I think 20-30MB is quite good - puts it in the ballbark of golang.

2MB+ for rust actually sounds a bit big -that's stripped?


> > not counting CLR DLLs

> Why would you exclude those in this comparison - they're already (guaranteed to be) installed on your windows targets?

Note that this is a stand-alone build; it doesn't require the runtime to be installed. With that in mind, you're right they should be included, which would increase the build size by 8.3 MB.

> How about linux/Mac targets?

I can't build a Mac target because I don't have a Mac. I just built for a linux-x64 target in WSL, and the resulting binary is 35.0 MB. The Linux build looks like it's packaged the CLR into the main binary instead of keeping them separate, which would account for the greater size.

I did do a benchmark with hyperfine, which gave a 25.5 second build time. However, this is on WSL1 building off and on to an NTFS drive, which has known performance issues.

> I think 20-30MB is quite good - puts it in the ballbark of golang.

I've never used Go, but my understanding is that the Go compiler is very fast but doesn't do as much in the way of optimizations. If that's the case, having a larger and slower binary compared to Rust would be expected before you get to the packaged runtime.

The issue I'm taking here is that doing a trimmed dotnet build is (in this case) giving the same build time as Rust, but is only doing some AoT compilation and dead-code elimination. Rust is already doing that in addition to a whole host of other optimizations.

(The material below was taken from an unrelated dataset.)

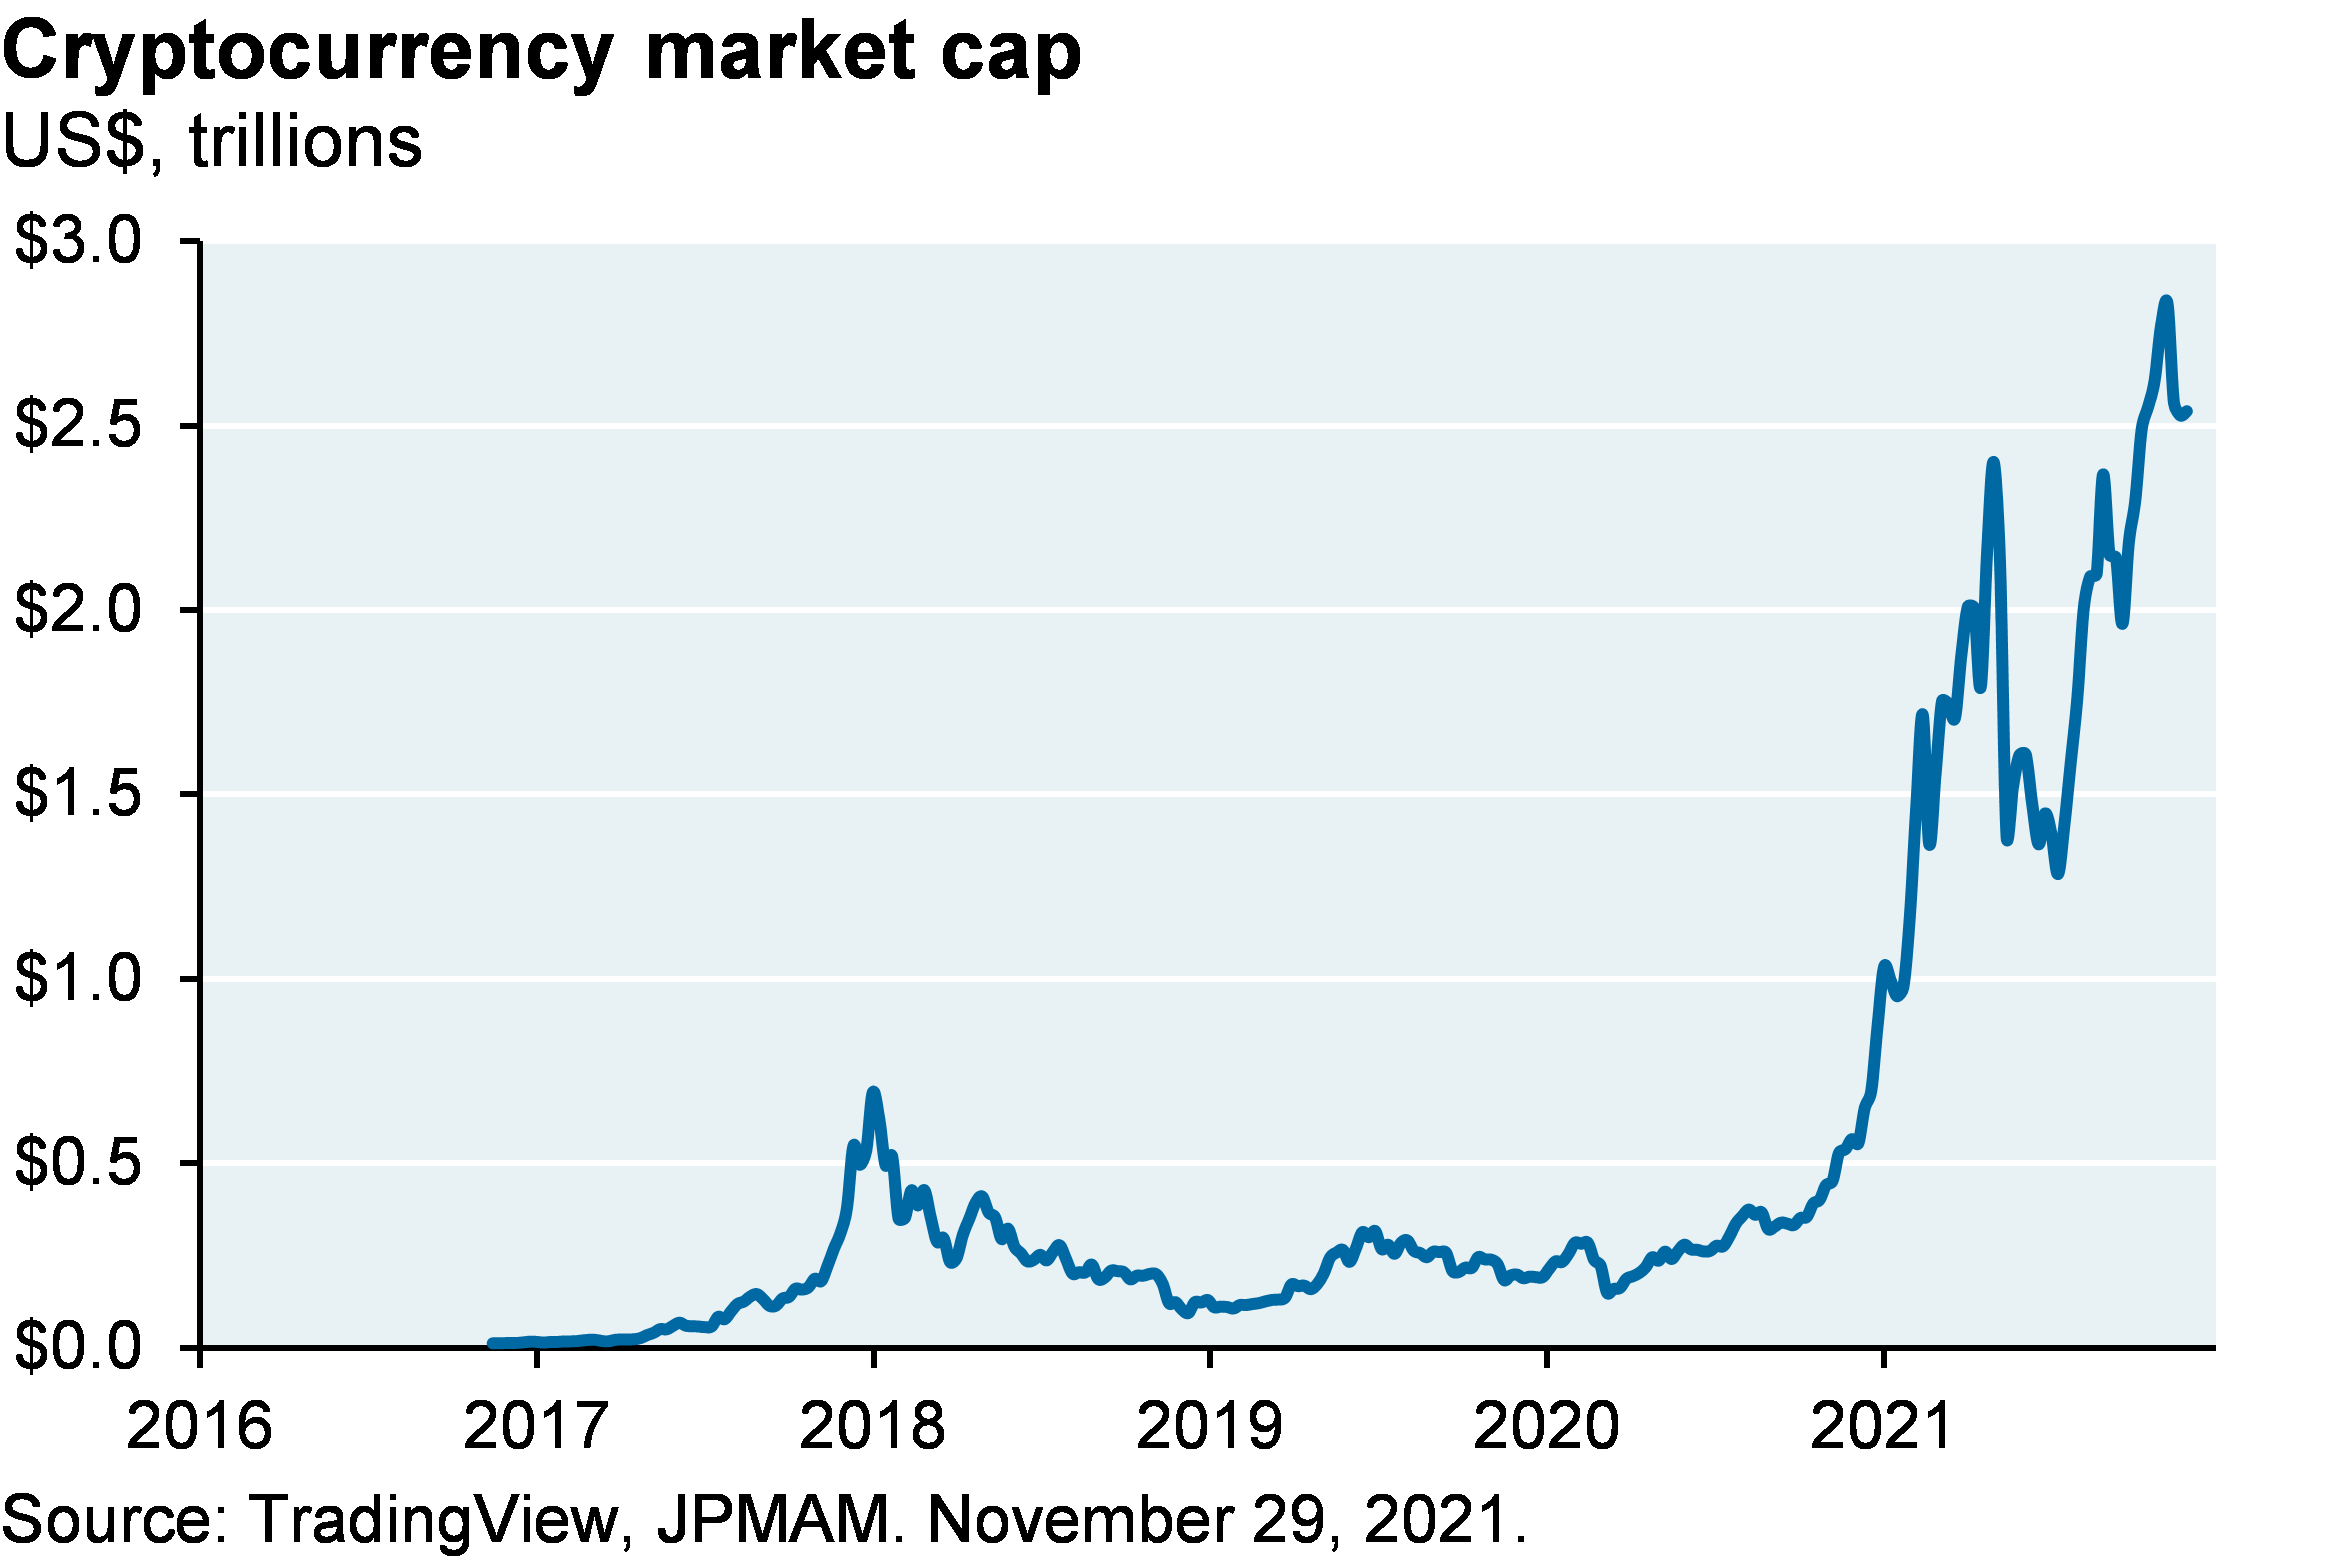 Line chart shows cryptocurrency market cap, shown in trillions of US dollars since 2016. Cryptocurrency market cap has increased from zero in 2016 to over $2.5 trillion as of November 2021.

From a user perspective, this feels like dotnet is giving me a worse end product for the same time taken. Especially given the Rust version wasn't harder to write than the C# version (in fact, due to bad documentation the C# version was harder).

> 2MB+ for rust actually sounds a bit big -that's stripped?

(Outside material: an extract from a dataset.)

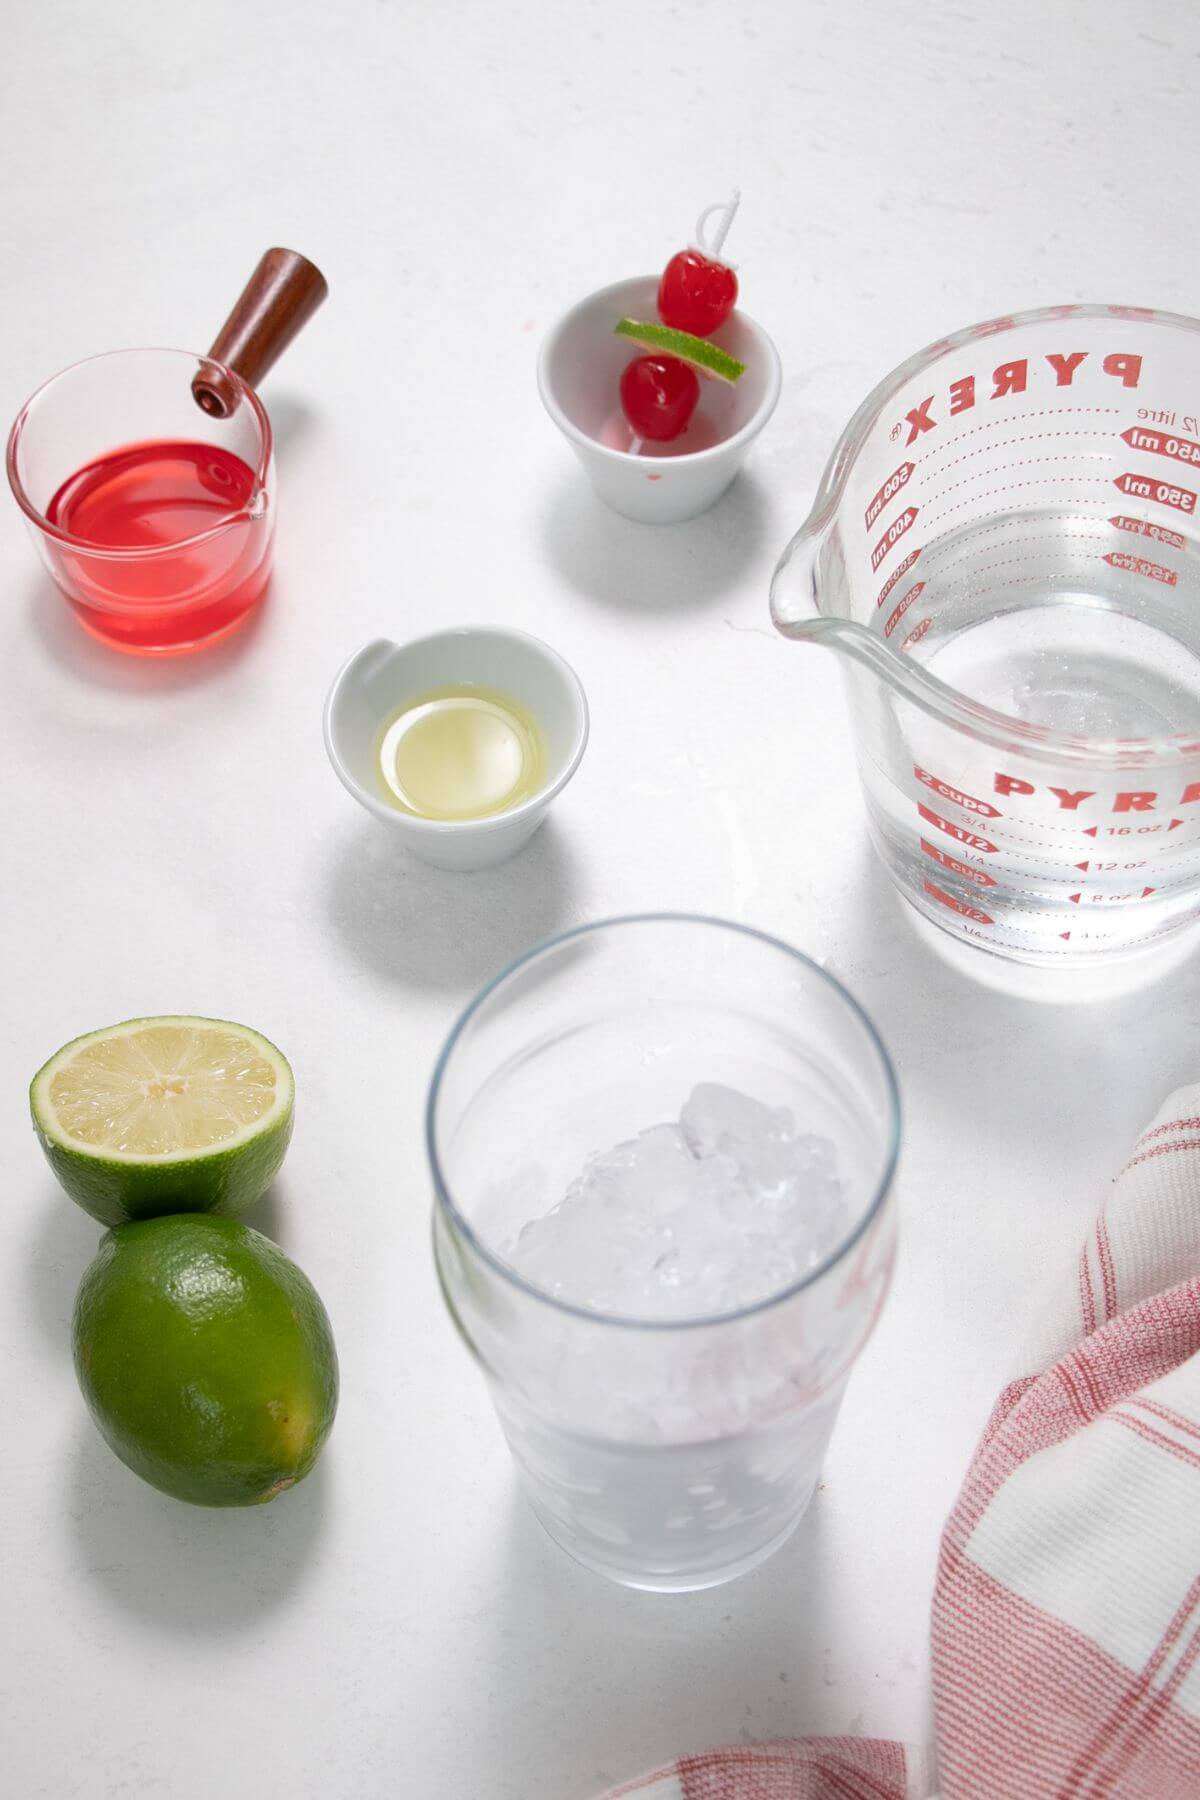 Ingredients for cherry limeade recipe.

No, that is not stripped, and with the standard release profile.


Maybe this is better for command line and server stuff. The app I was building used WPF with Core 3. The regular size was 180MB if built as self contained. Trimming took off maybe 30 MB but build times were painfully long. And the initial load took around 30 secs or more on some machine.


I haven't used WPF in 10 years or so. Come to think of it, I haven't done any desktop stuff with .NET Core at all - wow, 180MB is pretty damn big!

Just took a look at my current project, which has several components: an ASP.NET web UI is 80MB, an ASP.NET API is 65MB, and backend services range from 40-55MB (these are all pretty complex, production-grade components).


Yes, this deployment option makes tradeoffs that are clearly more in line with the use case of pushing out long-running server applications to machines with minimal configuration, rather than for desktop user applications.


That’s my impression too. Seems these days in general desktop applications are more of an afterthought in the .NET world and most new features are built mainly for server stuff.